Some twitter threads that resulted can be found here and here. I also enjoyed this paper entitled Using Citation Bias to Guide Better Sampling of Scientific Literature
Another paper that caught my attention was - Creative Destruction: The Structural Consequences of Scientific Curation which tried to answer the question are you better off if you are cited by a review paper or not? On one hand, being cited by a review paper, could make your paper more noticable, but on the other hand, people may decide to cite the review paper instead of your paper...
This year I also looked more into learning about systematic reviews and ran into review papers on the uses of text mining for systematic reviews which taught me a lot.

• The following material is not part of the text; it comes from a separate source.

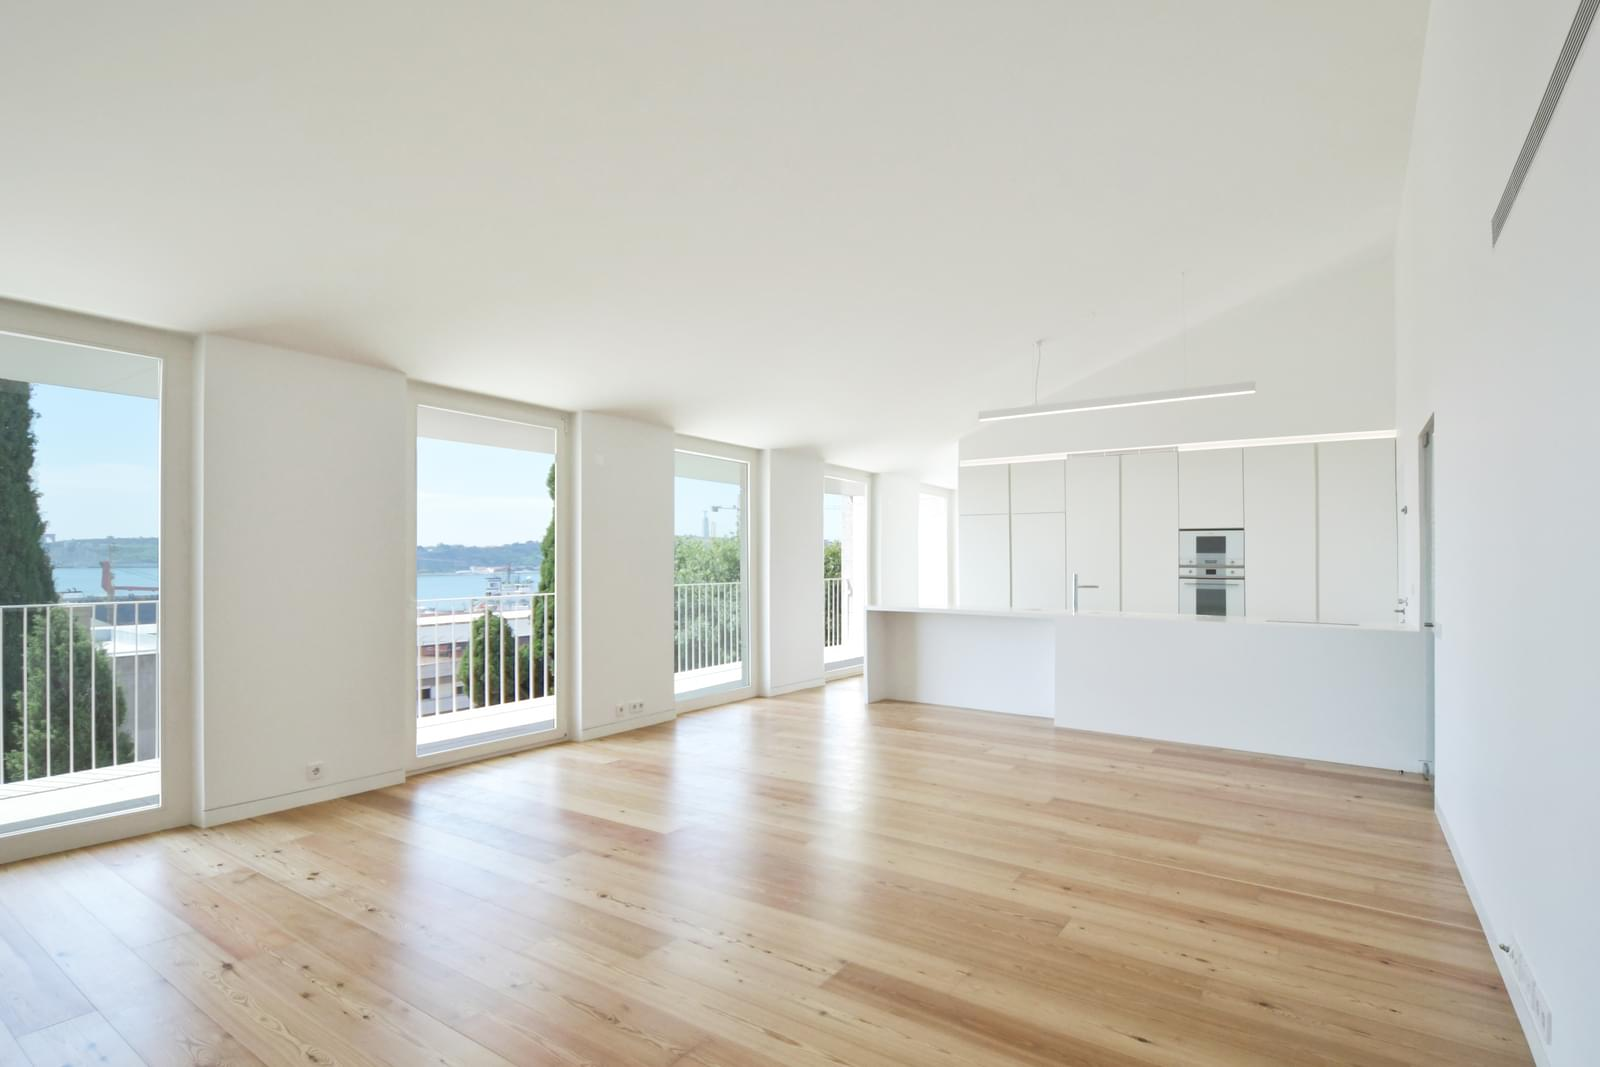 pf18051-apartamento-t4-lisboa-e67dd802-503b-422c-b983-1339c89c70c0

I also continued my interest in Deep learning and language models since the rise of GPT-3, and found this new piece that tries to explain from scratch how transformers which are key to deep learning work. Requires zero background (it explains matrix multiplication etc). Another amazing site explaining all these concepts is https://jalammar.github.io/ .
e.g. How GPT3 works https://jalammar.github.io/how-gpt3-works-visualizations-animations/ . I confess I understand usually only 50%-70% of this but it is still interesting.
Also CSET Truth, Lies, and Automation: How Language Models Could Change Disinformation report was a meaty mind blowing report on how easy it was to try to use GPT-3 to generate disinformation. Highly recommended! (See tweet highlights).
I also read the somewhat older but still very enlightening - An Exhaustive Guide to Detecting and Fighting Neural Fake News using NLP which looks at it from the other direction to see how effective techniques are to detect "Neural Fake news" ie, fake news generated from neutral networks including language models.
Conclusion
All in all 2021 was a fairly fruitful year in terms of learning and expanding my knowledge base. Something that is critical for academic librarians who want to remain relevant.